| Starting Monthly Salary | Number of Graduates |
|---|---|
| 1,001 - 1,400 | 1 |
| 1,401 - 1,800 | 11 |
| 1,801 - 2,200 | 14 |
| 2,201 - 2,600 | 38 |
| 2,601 - 3,000 | 36 |
| Total | 100 |
What I have done, is averaged out each value in Monthly Salary column and continuing from there by calculating the deviation at the end
Calculating all 100 of these values is tedious:
(1001 + 1400) / 2 = 1200.50
(1401 + 1800) / 2 = 1600.50
(1401 + 1800) / 2 = 1600.50
(1401 + 1800) / 2 = 1600.50
Continued for all 100 values to the calculate the deviation for each...
Then calculating the standard deviation with σ=√((Σ(x-µ)^2)/2).
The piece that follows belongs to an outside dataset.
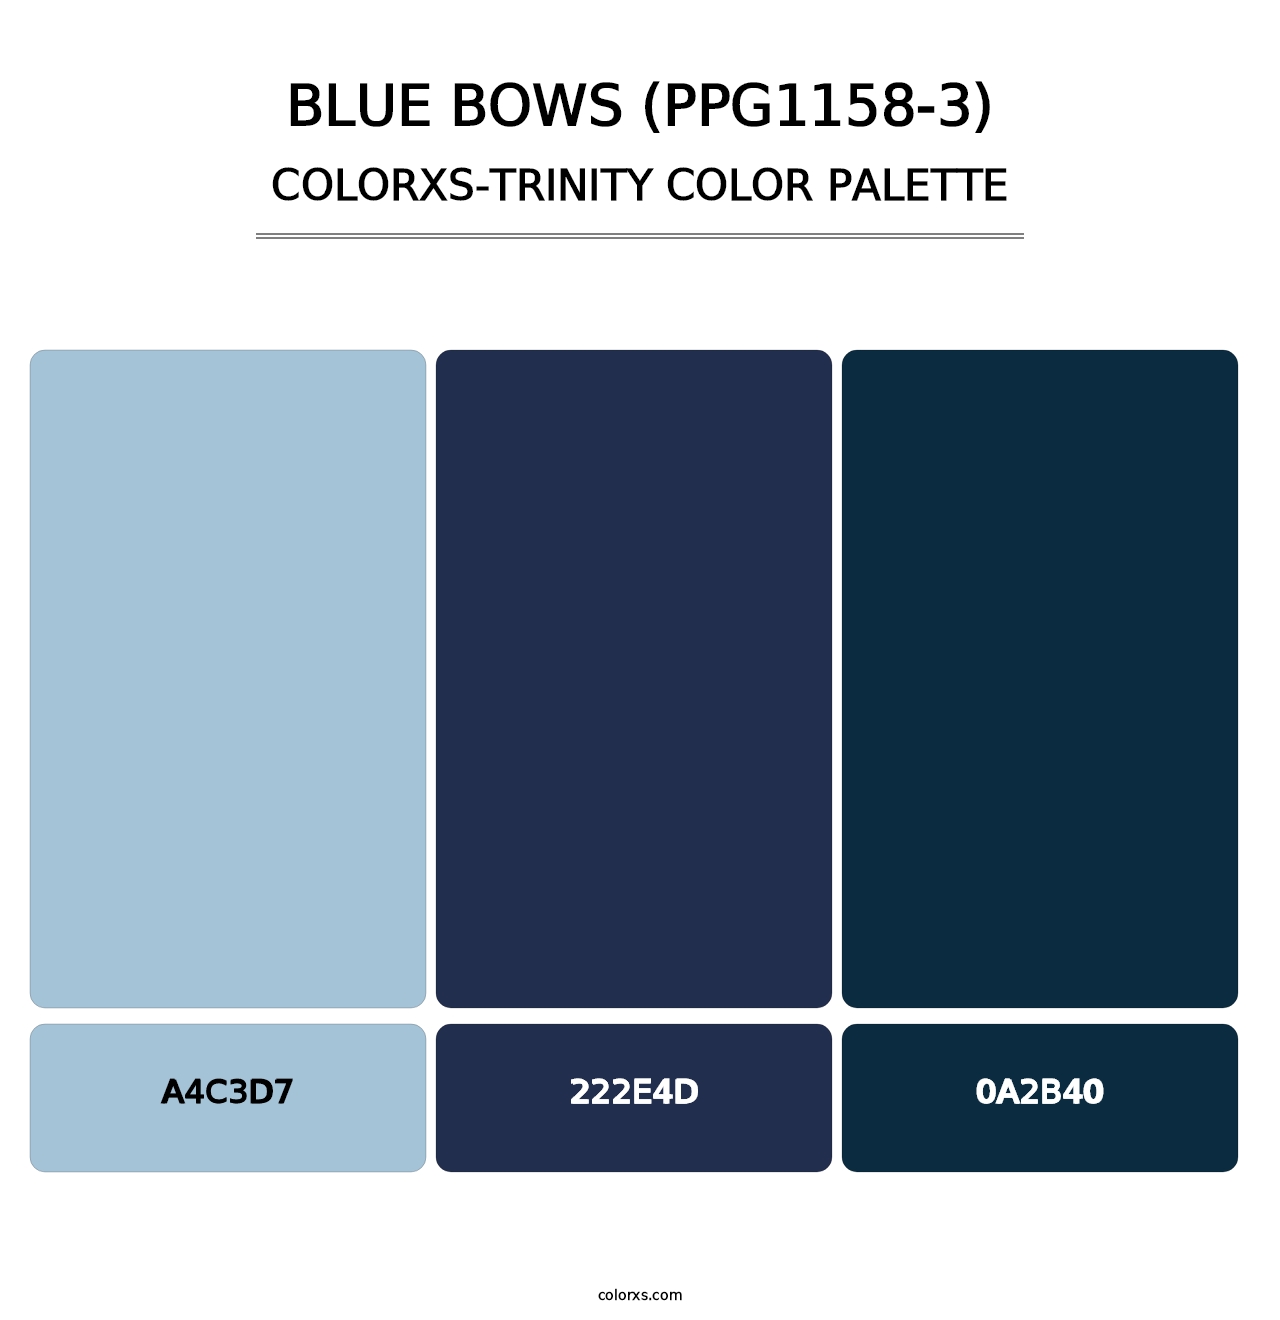 Blue Bows (PPG1158-3) - Colorxs Trinity Palette

This formula once everything has been entered in will look really nasty. Is there an easier (or cleaner) solution to finding the (approximate) standard deviation of the monthly starting salaries above?
Your grouped data have midpoints $m_i$ with respective frequencies $f_i.$
The sample mean is approximately $A =\bar X = \frac 1n\sum_{i=1}^5 f_im_i =2388,$ where $n = \sum_{i=1}^5 f_i = 100.$ Using R as a calculator:
The sample variance $S^2 \approx \sum_{i=1}^5 \frac{1}{n-1}f_i(m_i-\bar X)^2 =166\,319.2$ and the sample standard deviation is $S =\sqrt{S^2} = 407.82.$
If you are using some kind of spreadsheet, there might be a built-in function for finding the mean and variance of a column of $n = 100$ numbers. If so, you could find exact values of the sample mean and standard deviation. (Some information is lost when data are put into groups and summarized.)